**Material provided**
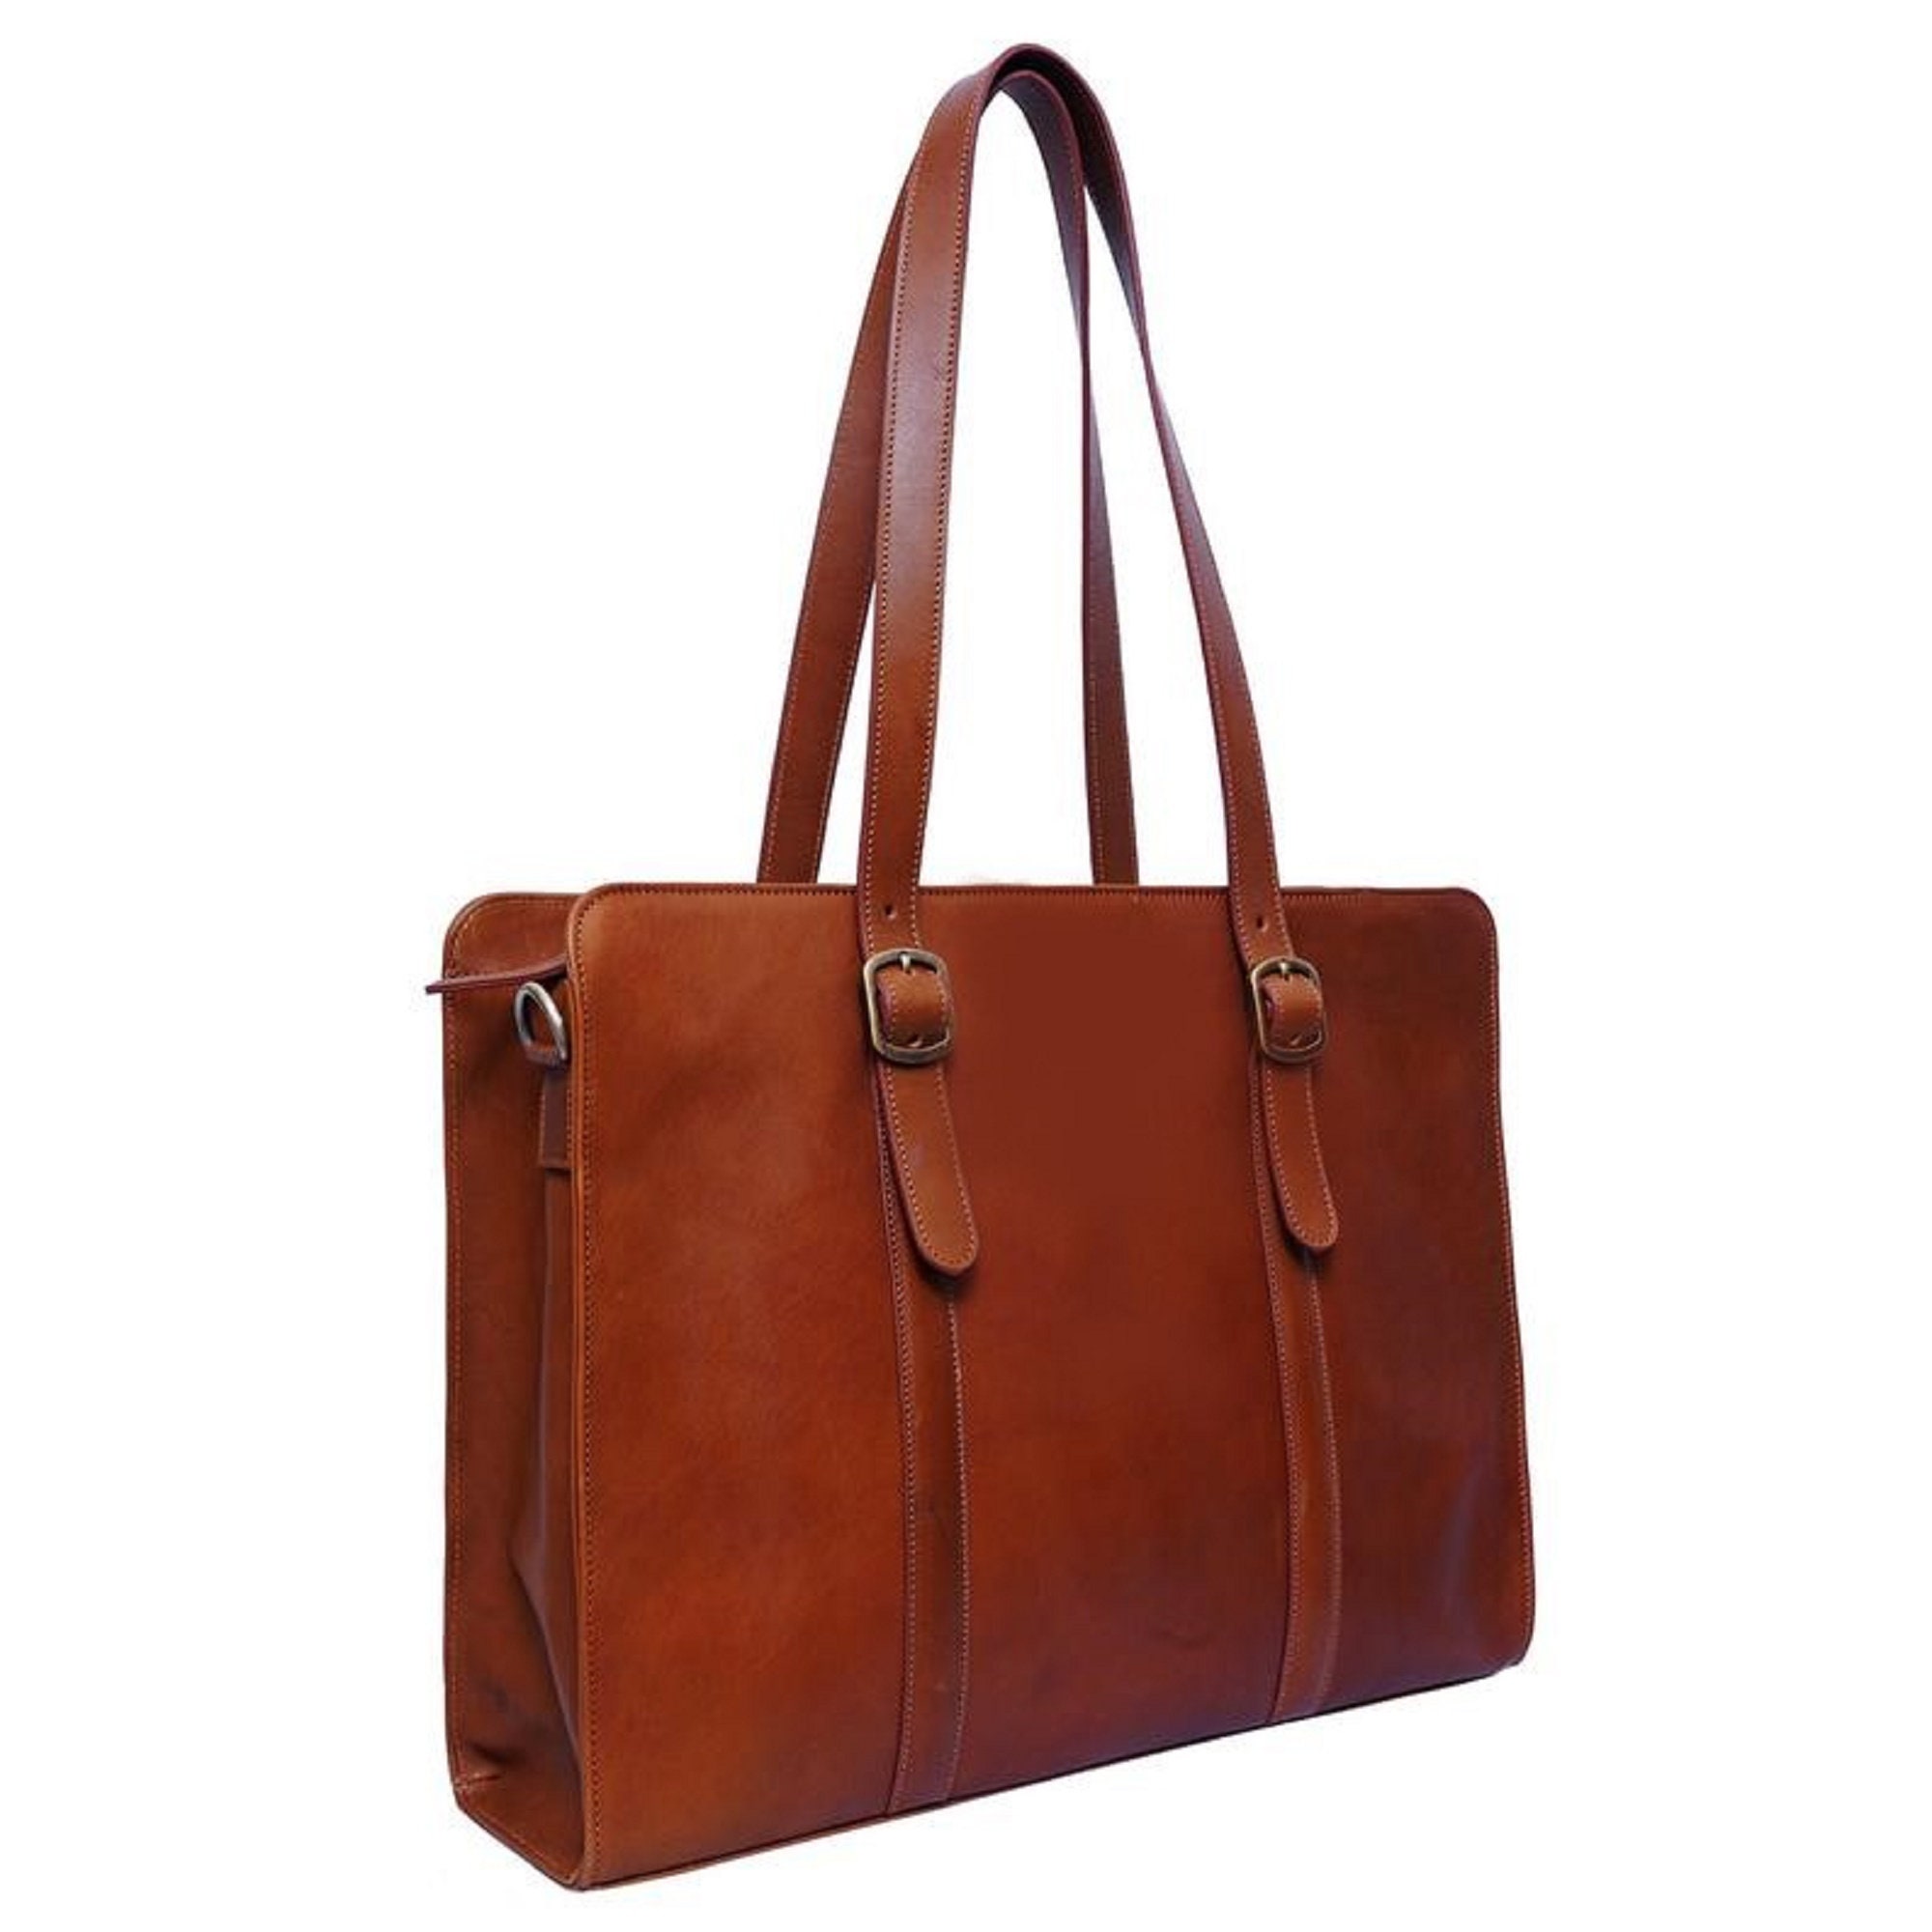 Pexas women's Genuine leather shoulder bags Ladies laptop | Etsy
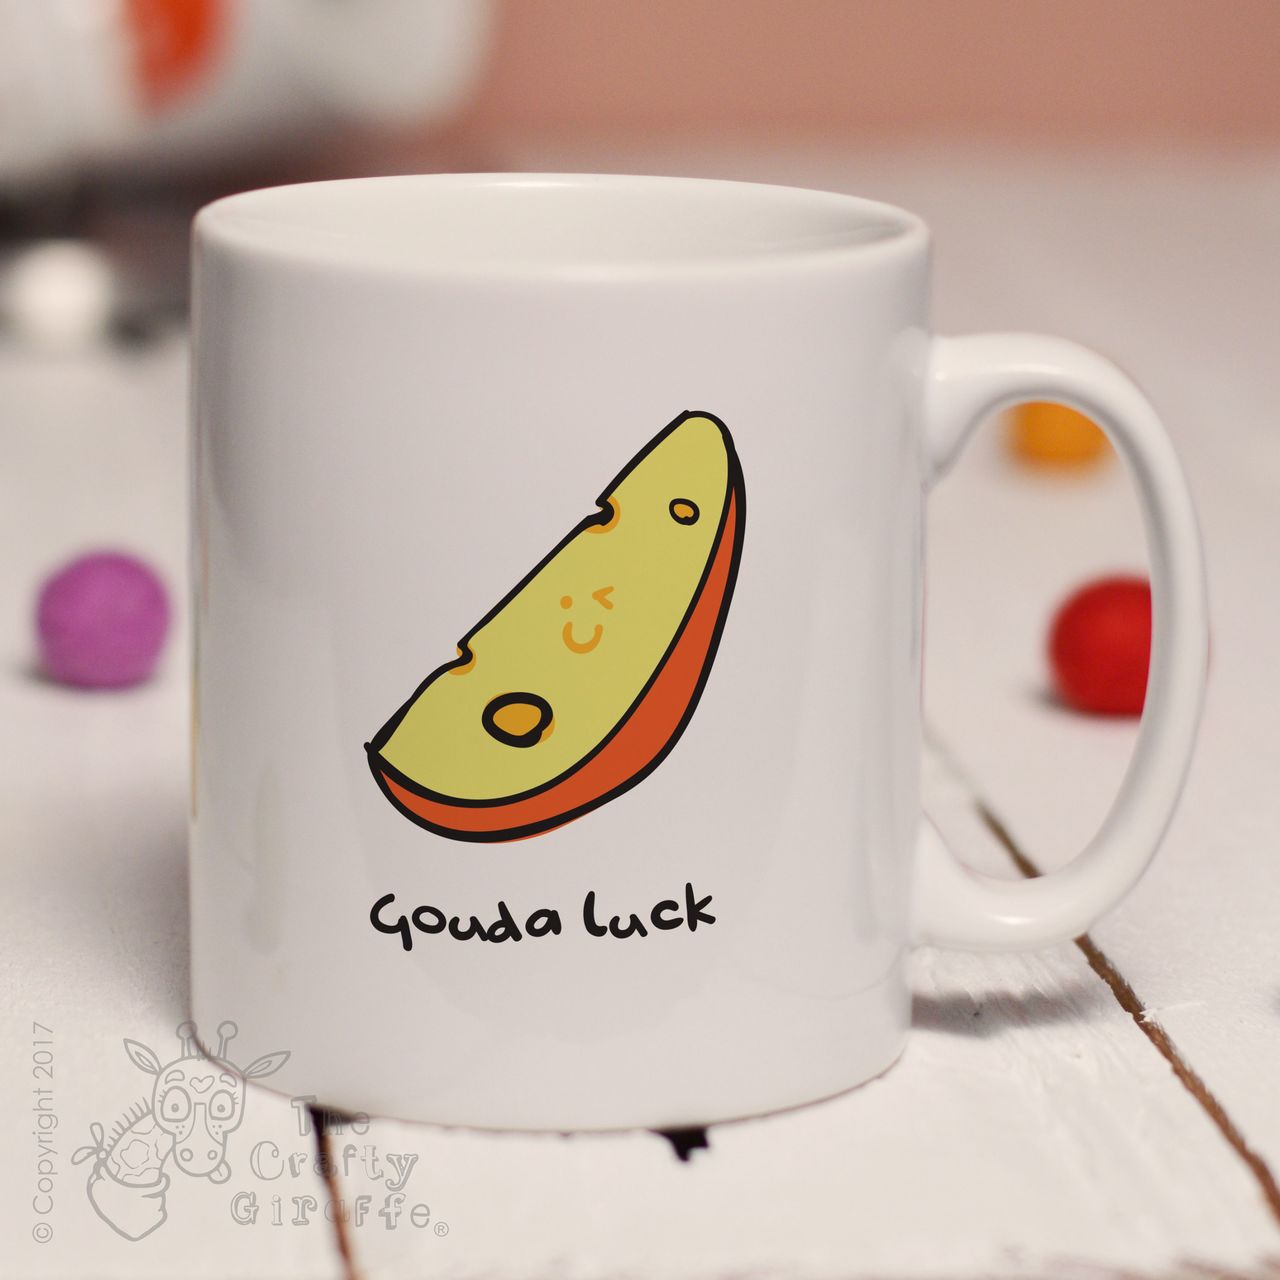 Gouda Luck mug
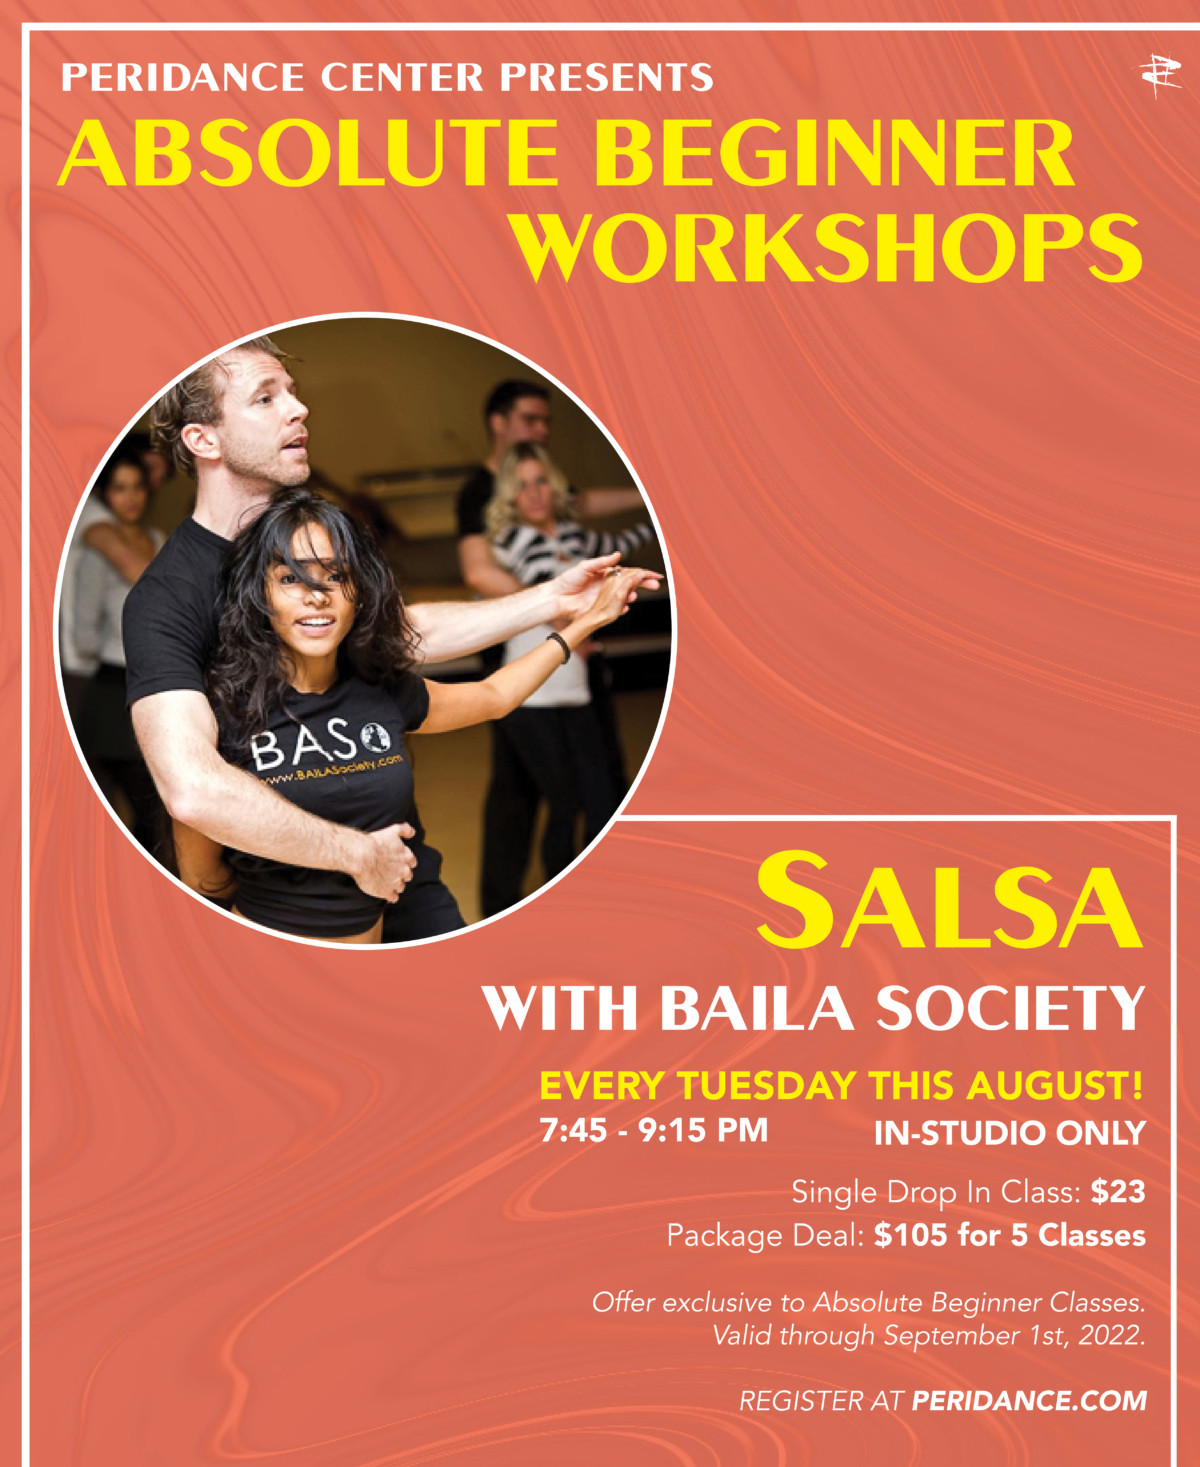 BAILA Society NYC Salsa Classes and Worldclass Performances

**Task goal**
All lines from the one containing "Gouda Luck mug" through the end of the data are to be written out exactly, with nothing added; skip the pictures.

**Exercise answer**
 Gouda Luck mug
 BAILA Society NYC Salsa Classes and Worldclass Performances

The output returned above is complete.